Wednesday, October 25, 2023

Anyone can test but...

Some years ago, I was pairing with a developer. We often would do work on the code that needed creating, working on the developer home ground. So I invited us to try something different - work that was home ground to me. 

There was a new feature the other developers had just called complete, that I had not had time to look at before. No better frame of cross-pollinating ideas, or so I thought.

Just minutes into our pairing session of exploring the feature, I asked out loud something about sizes of things we were looking at. And before I knew, the session went from learning what the feature might miss for the user to the developer showing me bunch of tools to measure pixels and centimeters, after all, I had sort of asked about sizes of things. 

By end of pairing session, we did not do any of the work I would have done for the new feature. I was steamrolled and confused, even deflated.
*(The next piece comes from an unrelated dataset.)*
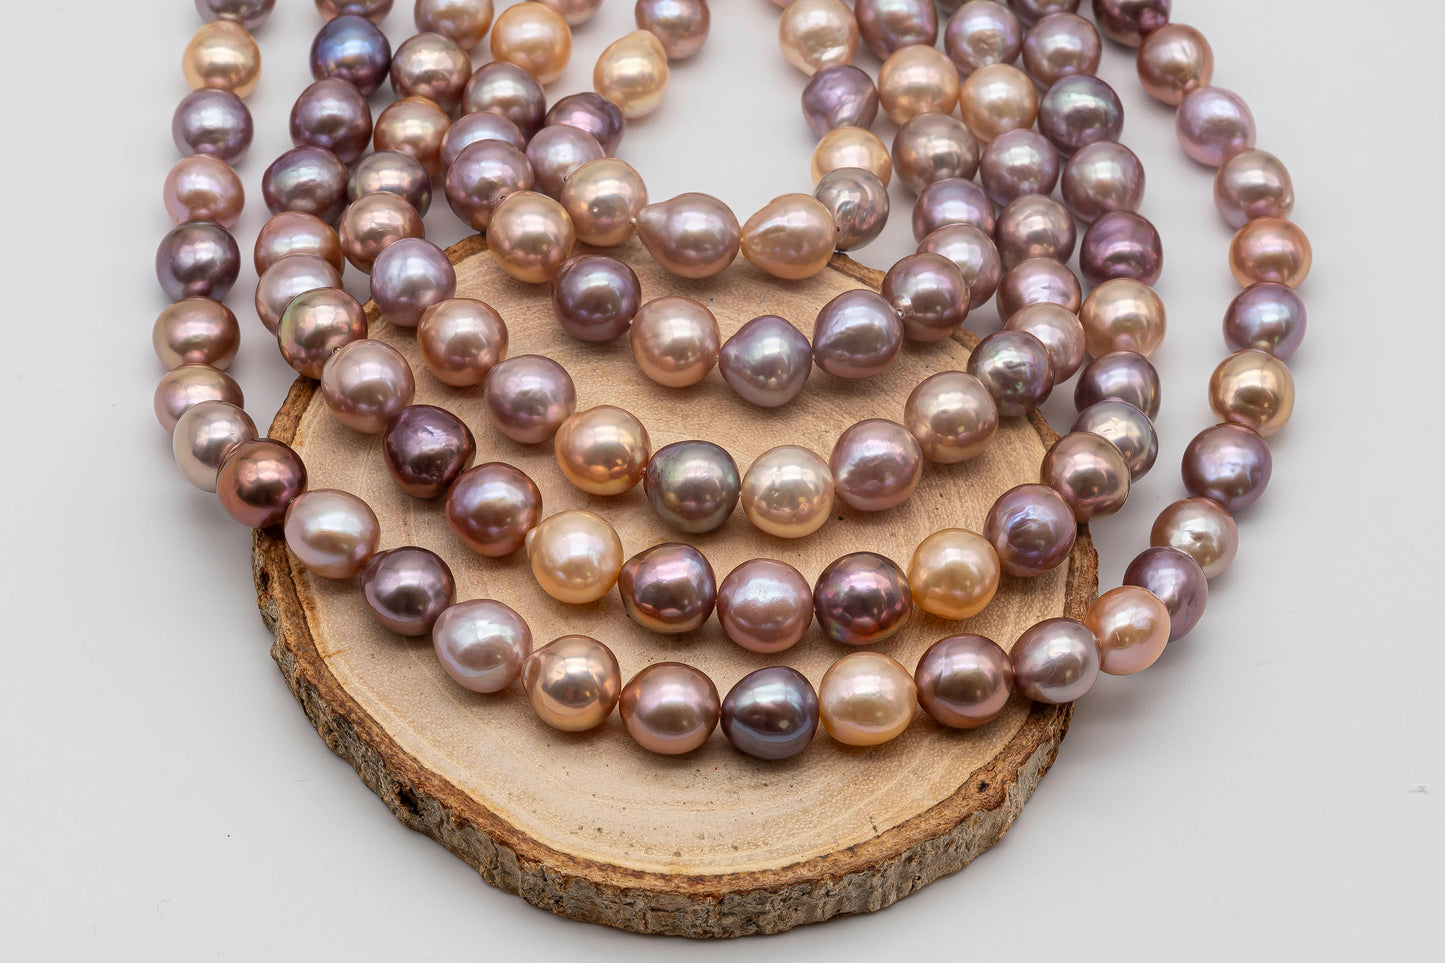 8-12mm Edison Pearl Multi-Color Near Round or Drop with Extremely Nice Luster, Natural Freshwater Pearl Bead Color, Full Strand, SKU# 1110ED

It took weeks or months and a conference talk to co-deliver on pairing before I got to express that we *never* paired on my work. 

I am recounting this memory today because I had a conversation with a new tester in a team with one of testerkind, and many of developerkind. The same feelings of being the odd one out, being told (and in pairing directed) to do the work the developer way resonated. And the end result was an observation on how hard it it to figure out if you are doing good work as tester when everyone thinks they know testing, but you can clearly see the results gap showing their behaviors and results don't match their idea of knowing testing so well.


I spoke about being the odd one out in TestBash in 2015. I have grown up as tester with testing teams, learning from my peers, and only when I became the only one with 18 developers as my colleagues, I started to realize that I had team members and lovely colleagues, but not a single person who could direct my work. I could talk to my team members to find out what I did not need to do, but never what I need to do. My work turned to finding some of what others may have missed. I think I would have struggled without having had those past colleagues who had grown me into what I had become. And I had become someone who reported (and got fixed) 2261 bugs over 2,5 years before I stopped reporting bugs and started pairing on fixes to shift the lessons to where they matter the most. 


For a better future, I hope two things: 
  1. Listen and make space more. Look for that true pairing where both contribute, and sit with the silent moments. Resist the temptation of showing off. You never know what you would learn.
  2. Appreciate that testing is not one thing, and it is very likely that the testing you do as developer is not the same as what someone could add on what you did. Be a better colleague and discover the results gap, resisting the refining the newer person to a different center of focus. 
I searched my peers and support in random people of the internet. I blogged and I paired like no other time when I was the odd one out. And random people of the internet showed up for me. They made me better, and they held me on growth path. 

If I can be your random people of the internet to hold you on growth path, let me know. I'm ready to pay back what people's kindness has given me. 

Anyone can test. Anyone can sing. But when you are paid to test as the core of your work week, coverage and results can be different to what they would be if you needed to squeeze it in.